TO DO: What you submit must be an exact copy of the listing below, with no images in it.

(DATA SHOWN begins)

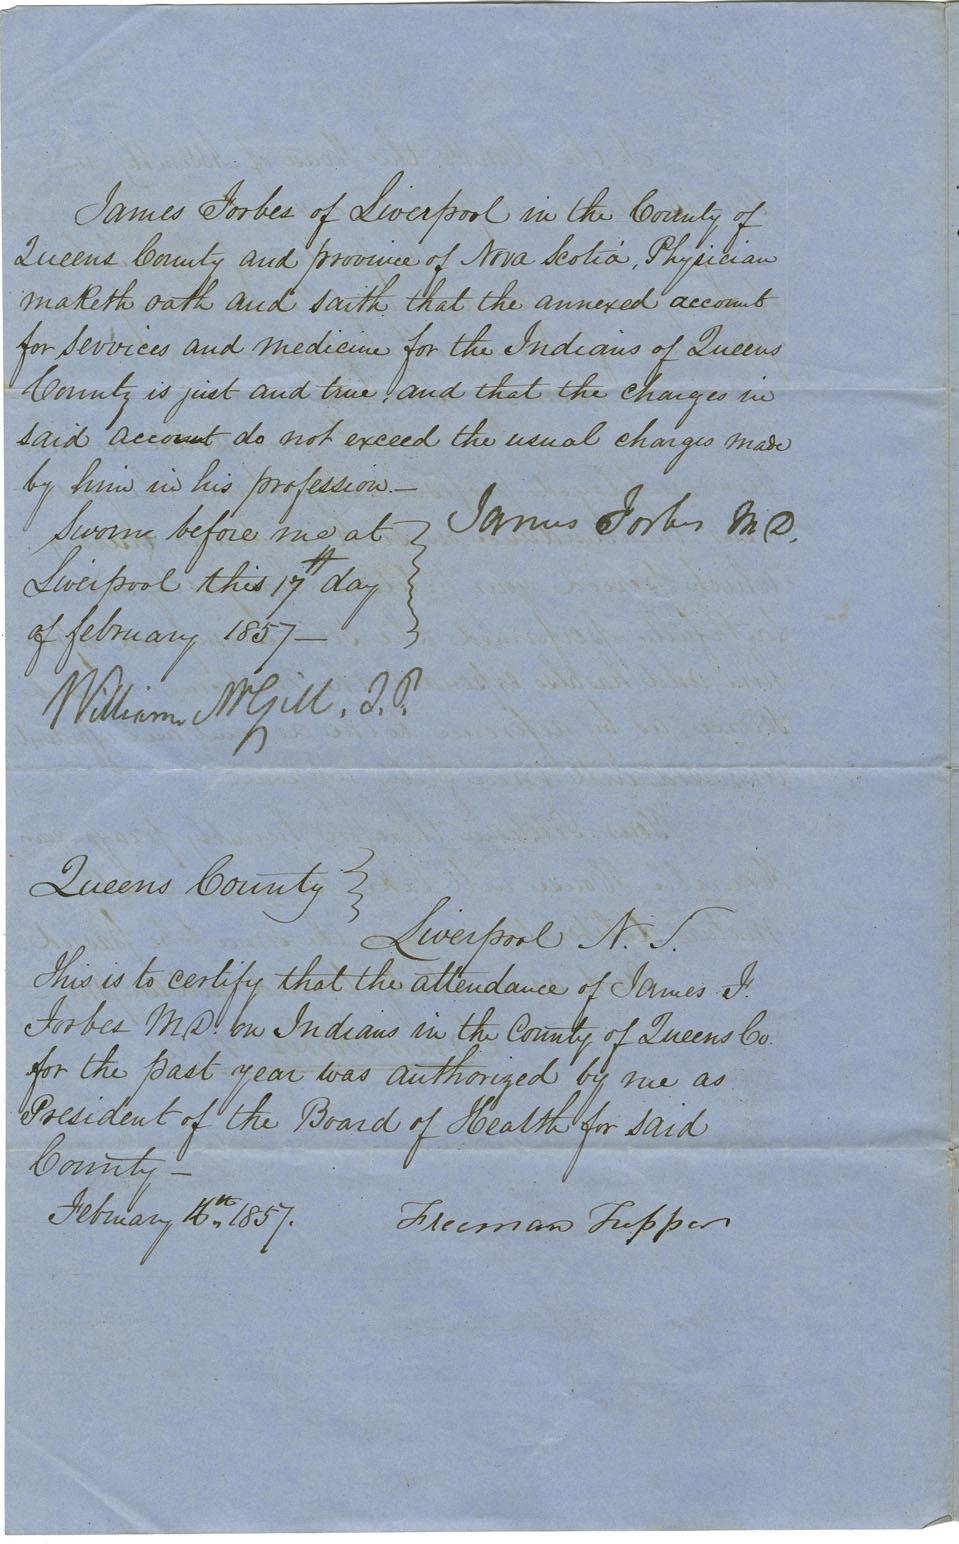 Petition of Dr. Forbes of Liverpool for money for care of Mi'kmaq in 1856 and 1857.
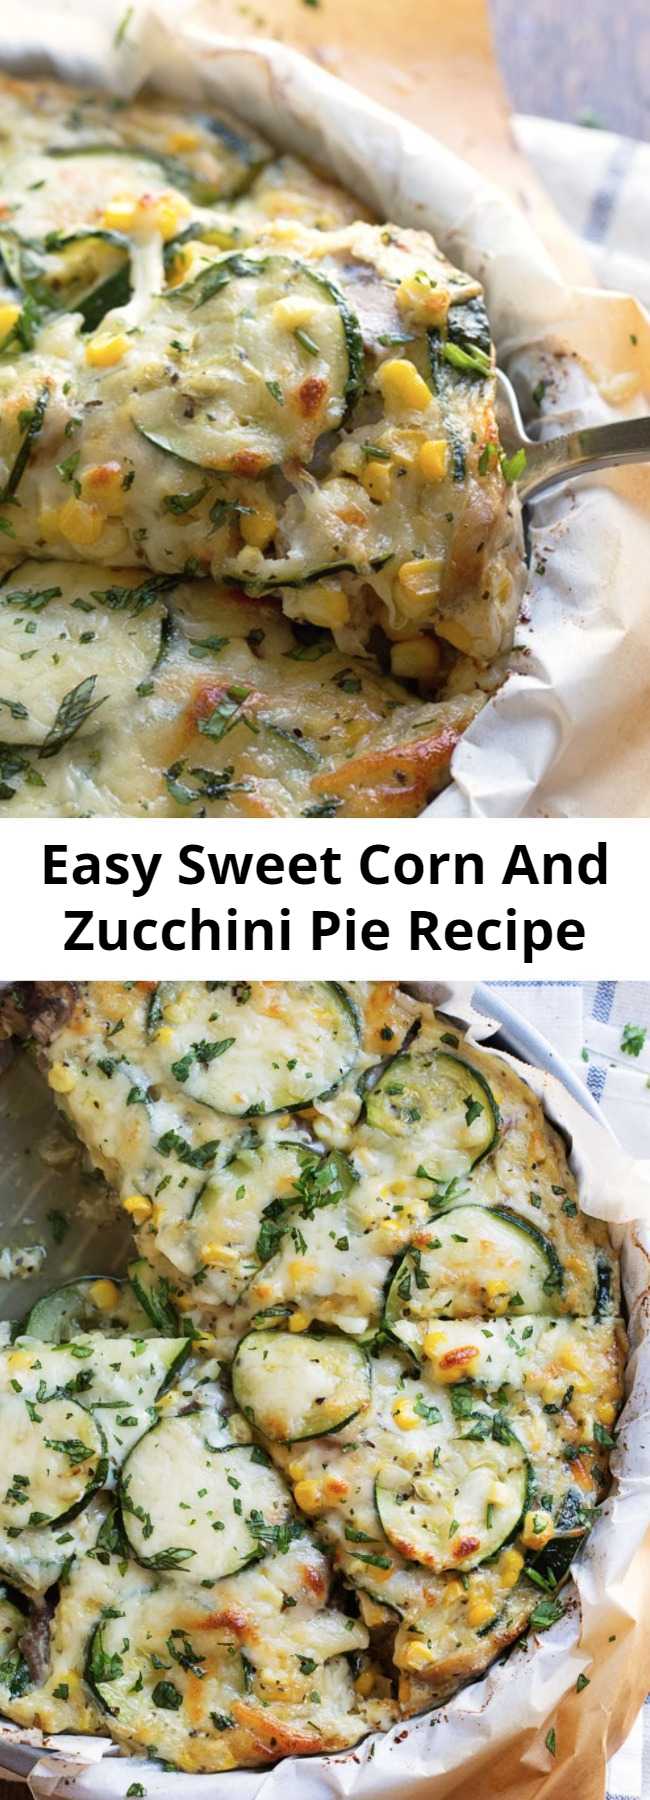 Easy Sweet Corn And Zucchini Pie Recipe - This crustless Sweet Corn and Zucchini Pie is so incredibly simple to make and it’s the perfect way to enjoy summer produce! #corn #zucchini #summer #pie #cheese
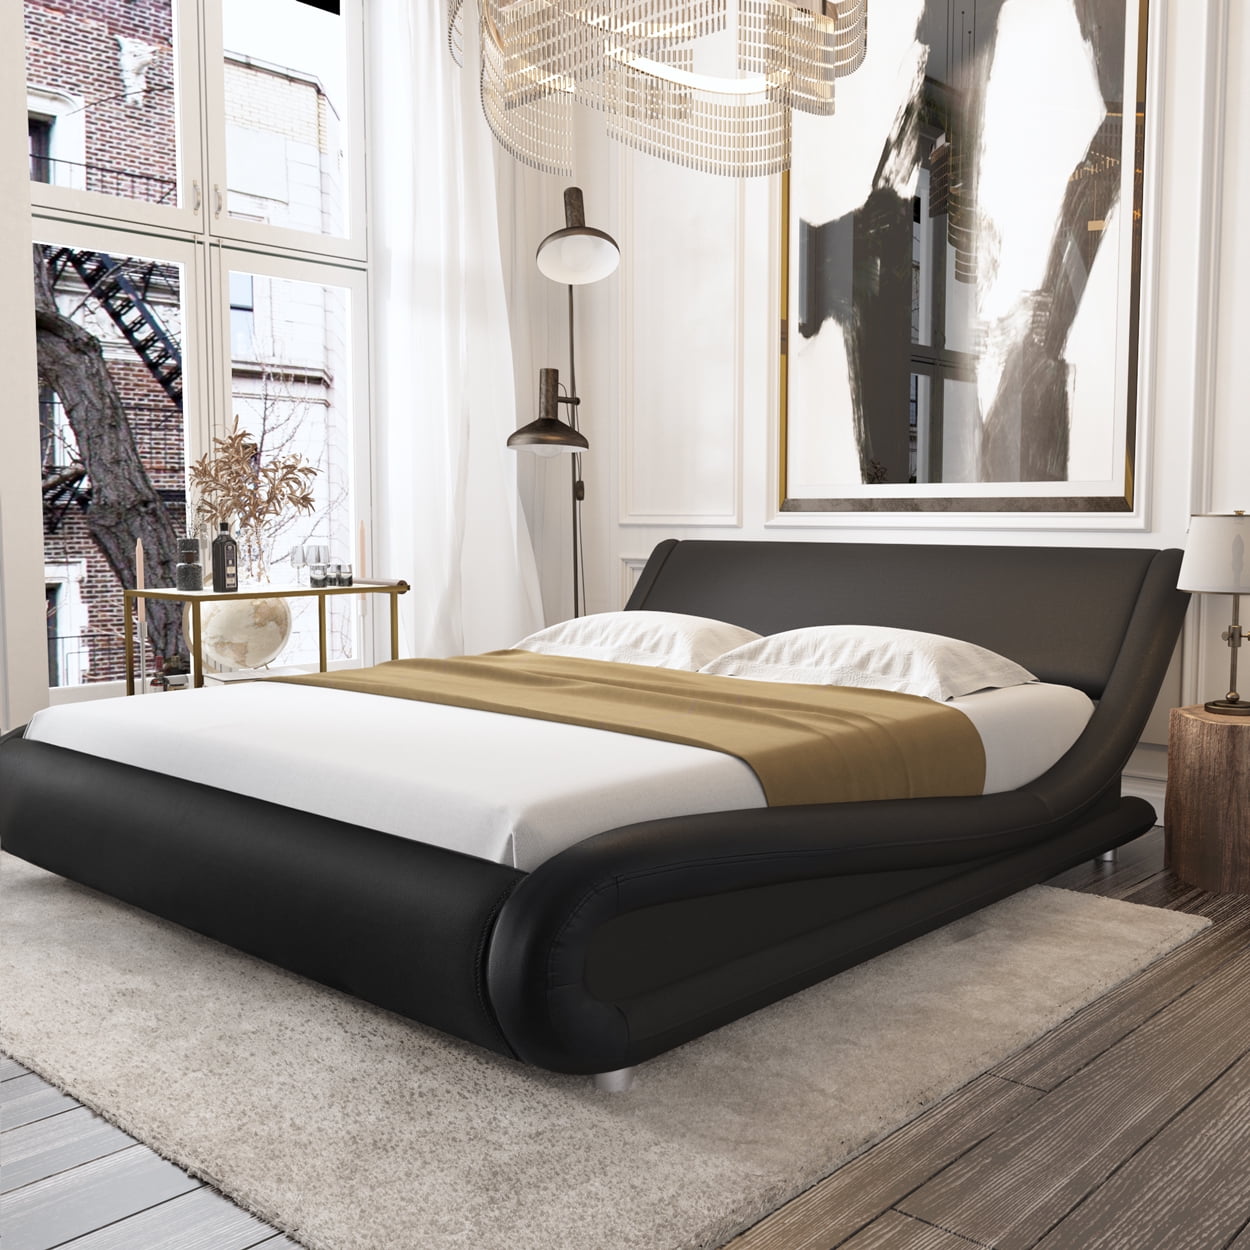 Amolife King Size Bed Frame With Curved, Black Leather Headboard King

(DATA SHOWN ends)

YOUR SOLUTION:
 Petition of Dr. Forbes of Liverpool for money for care of Mi'kmaq in 1856 and 1857.
 Easy Sweet Corn And Zucchini Pie Recipe - This crustless Sweet Corn and Zucchini Pie is so incredibly simple to make and it’s the perfect way to enjoy summer produce! #corn #zucchini #summer #pie #cheese
 Amolife King Size Bed Frame With Curved, Black Leather Headboard King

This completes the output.